If I had just one dollar for every time I've asked myself that question. They always ask me how hot I want it here which is confusing so I tried something a bit different. I used commercial 'Hot Sauce'.

I'm not saying they do this but it was very close and simple to do on the fly. I added way too much and the vinegar from the sauce overpowered it just a little. But........ I had no lamb in the sauce cooking. Hopefully CA when I've made some of that spice oil posted here I'll finally get top/middle/bottom as regards taste at last.

Its always the middle taste that was missing from my cooking (most times) anyway.
I often thought............
If I could only make my curry smell and taste as good as my Bahjis, I'd be happy.

Becoming a bit of a limp wrist these days as regards heat myself. They tone it down a load unless I stipulate.

I'm sure its liquid based heat. Are they any chillies in that spice oil? I'll go look. Good post as usual CA.

Regards.





Hi all,

I have a bit of a problem. 

I love very hot curries (e.g phals).  But that's not my problem!  My problem is how to get the heat (i.e. piquancy) without getting the bitterness, "powderiness" or rawness associated with adding loads of chili powder (even extra hot) or fresh chilies (even habeneros) to a curry?
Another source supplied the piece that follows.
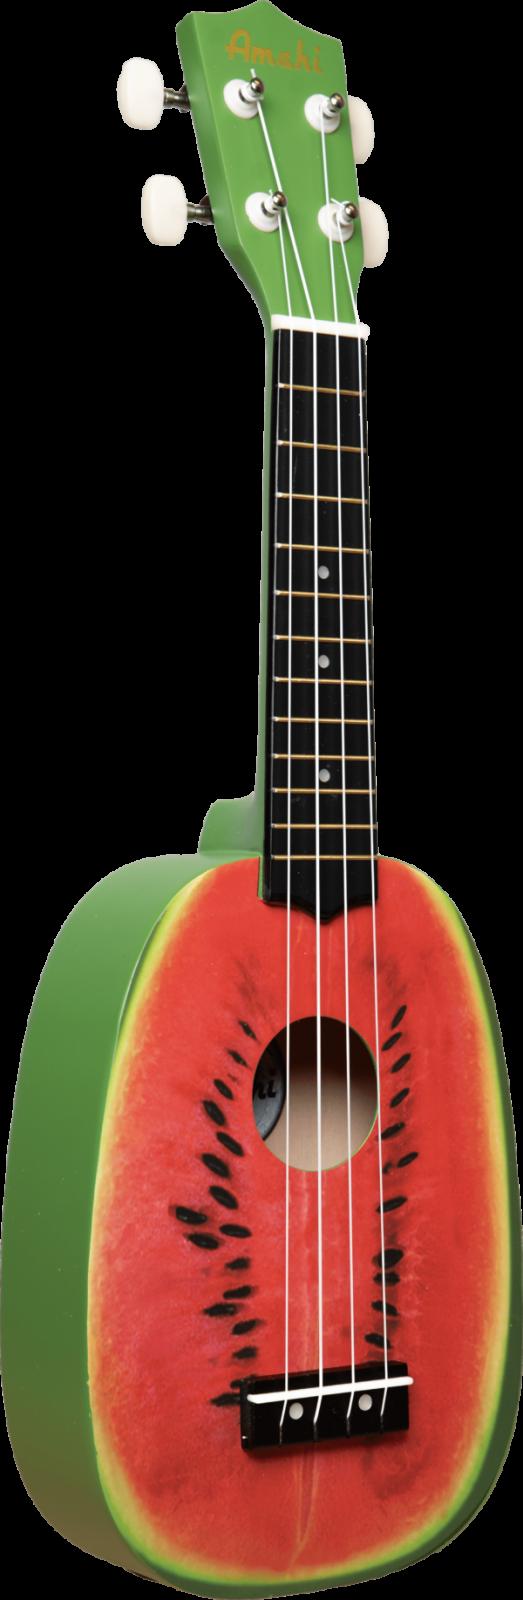 Amahi DDUK16 Watermelon Soprano Ukulele w/ Cloth Bag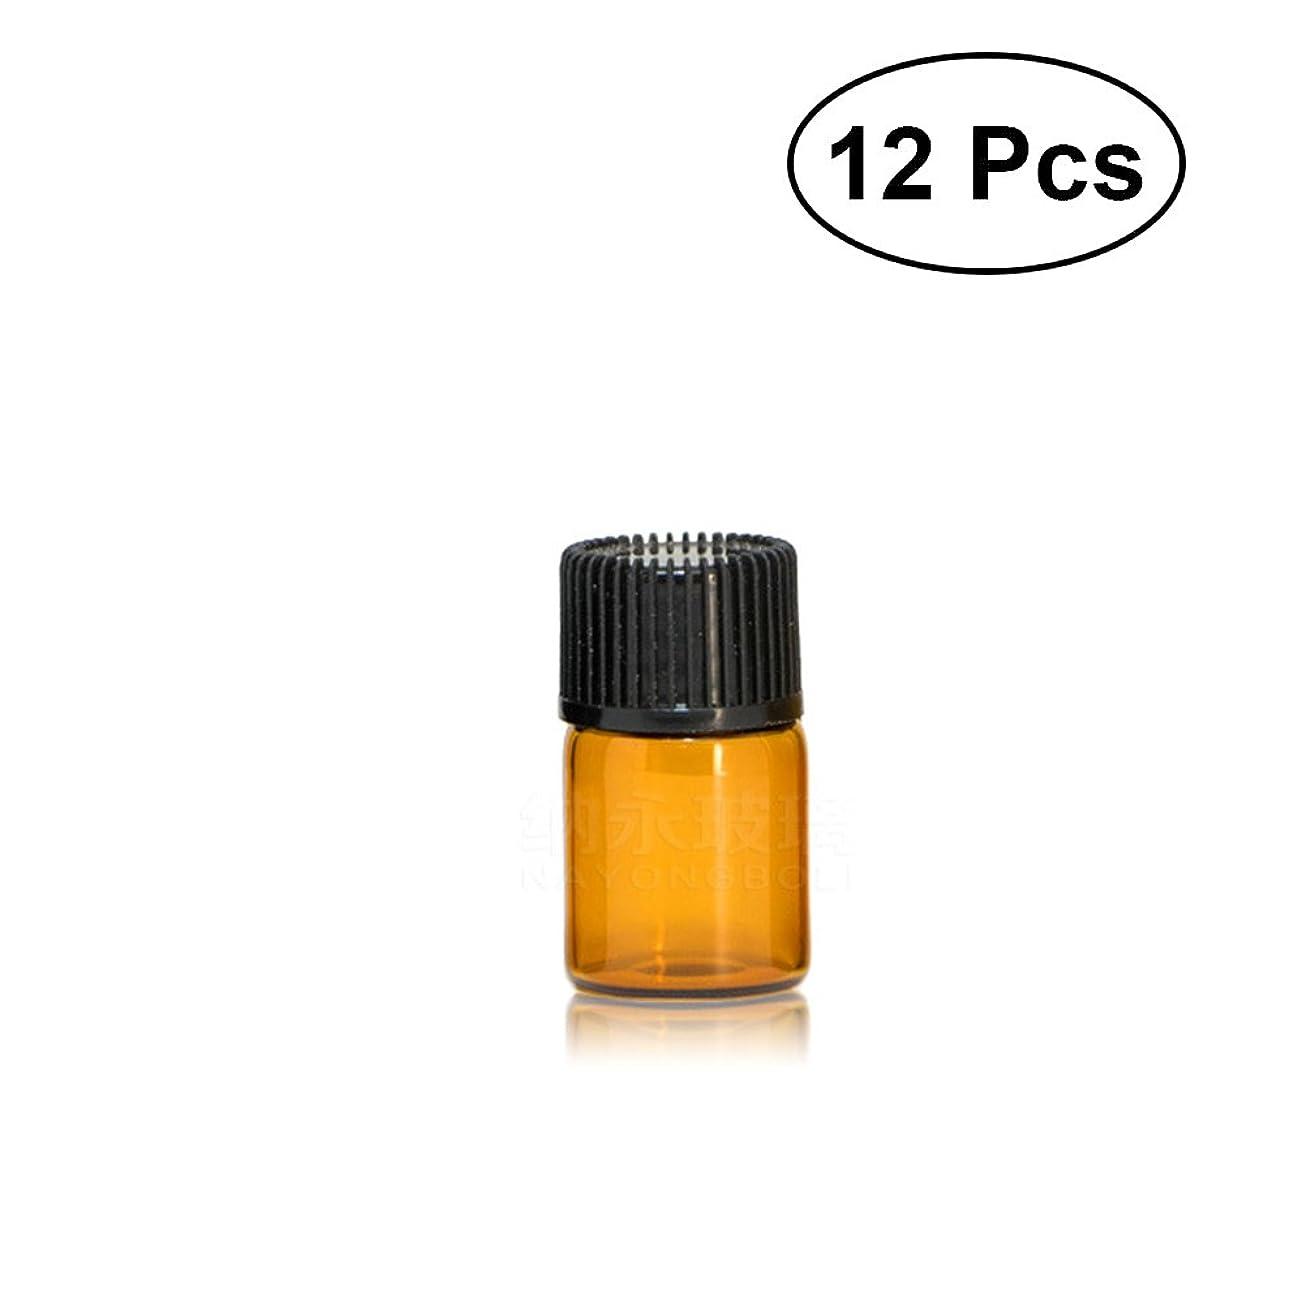 小切手壁紙民間人ROSENICE 2mlミニバイアルボトルオリフィスリデューサーキャップ付きガラス瓶エッセンシャルオイルコンテナ12個

Do BIRs only add chili powder to get the heat/piquancy?  Or do they add some form of pre-fried paste?  Or do they add some type of commercial chili paste or sauce (I have seen BIRs use a chili paste.....which they gave to me to demonstrate how hot their phal might be)?

So how do they get lots of chili (i.e. heat/piquancy) into their curry without it being bitter, powdery or raw tasting?  Chili powder easily burns I find (and hence becomes bitter)

Do BIRs fry the chili powder (in oil, for example) beforehand? 

Do they use a blend of fresh chilies in oil/vinegar (maybe also precooked?)?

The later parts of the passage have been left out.